Шрифт:
Интервал:
Закладка:
– Почему бы и нет? – сказал он. – Предложение хорошее. Давайте отобедаем.
Вслед за полковником Лев поднялся на третий этаж тюремного здания и вошел в кабинет начальника СИЗО. В комнате отдыха, соседней с кабинетом, уже был накрыт стол, уставленный закусками. Бросив на него взгляд, Лев ощутил подъем аппетита. Тут были и икра, и селедка с луком, и запотевший графинчик, обложенный льдом. В комнате витали соблазнительные запахи.

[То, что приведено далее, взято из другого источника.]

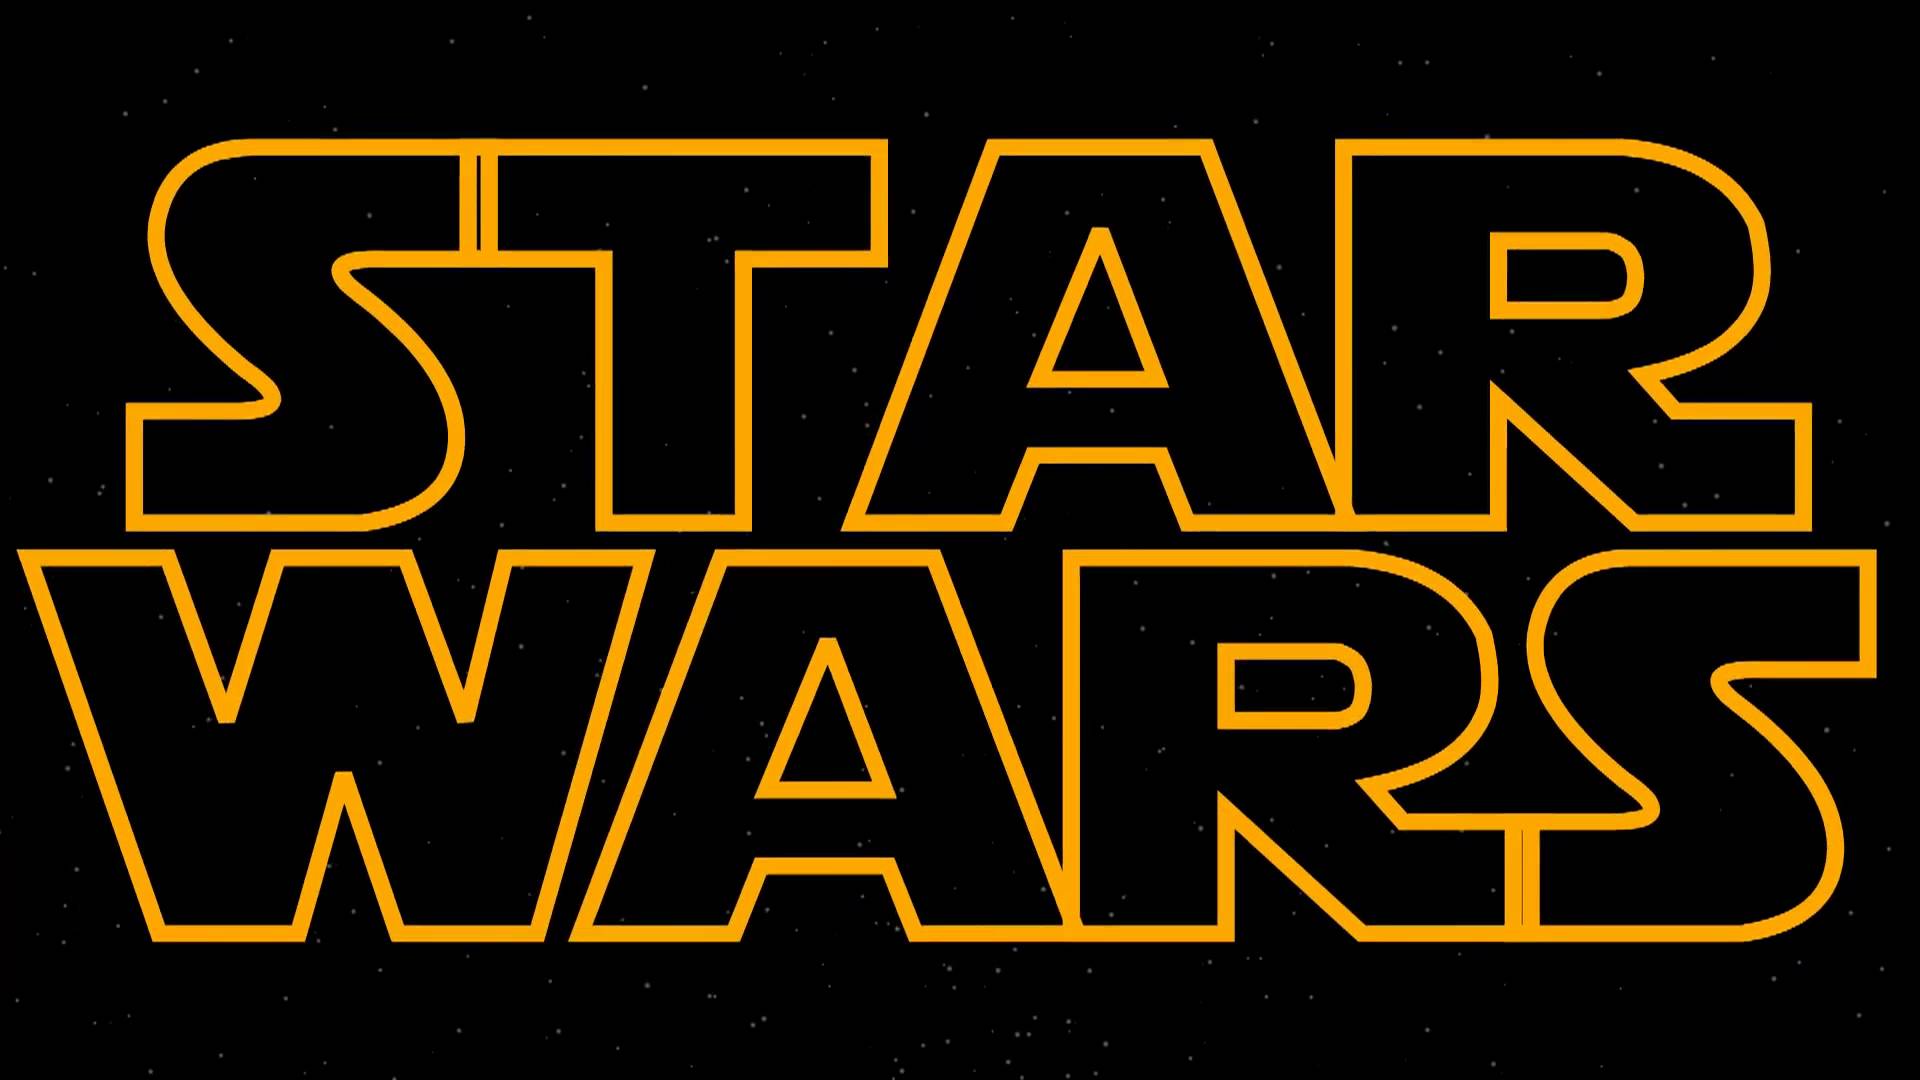 Star Wars serisinin sekizinci filmi 26 Mayıs 2017'de vizyona girecek

– Садитесь, Лев Иванович, устраивайтесь поудобнее, – пригласил его начальник СИЗО. – Вот нам сейчас борща нальют… Вы не против борща? Хорошо, что не против. Кстати, заключенным сегодня на обед тоже давали борщ. Не стану вас обманывать, утверждать, что борщ у них в тарелках был такой же, как у нас с вами. Нет, там он не такой наваристый, но вполне съедобный. Вон, на соседнем столе кастрюлька как раз с борщом из общей столовой. Если хотите, можете попробовать. И второе там есть – гречневая каша с мясом. Вот, гляньте. – Сачко подошел к столу, открыл крышку одной кастрюльки, другой. Судя по запаху и виду, пища заключенных была вполне съедобной. – У меня в изоляторе люди получают вполне здоровое питание, – резюмировал он. – Все нормы соблюдаются.
– Однако вы решили кормить гостя не пищей с общего стола, а специально приготовленной, – заметил Гуров.
– Да, Лев Иванович, именно так, – кивнул Сачко. – К чему лицемерить? Мы с вами взрослые люди, понимаем, что времена уравниловки и какого-то аскетизма прошли. На каше мускулы не нарастишь. А мне нужно, чтобы у меня в охране служили физически крепкие люди, готовые, если потребуется, дать отпор любым преступным посягательствам. Впрочем, что это я все о деле? О деле вы с вами успеем еще поговорить. Давайте я пока разолью по стопочке, и приступим.
– Приступить я не против, а вот стопочку отложим до другого раза, – покачал головой Гуров. – Работе может помешать, а я сегодня допоздна работать собираюсь.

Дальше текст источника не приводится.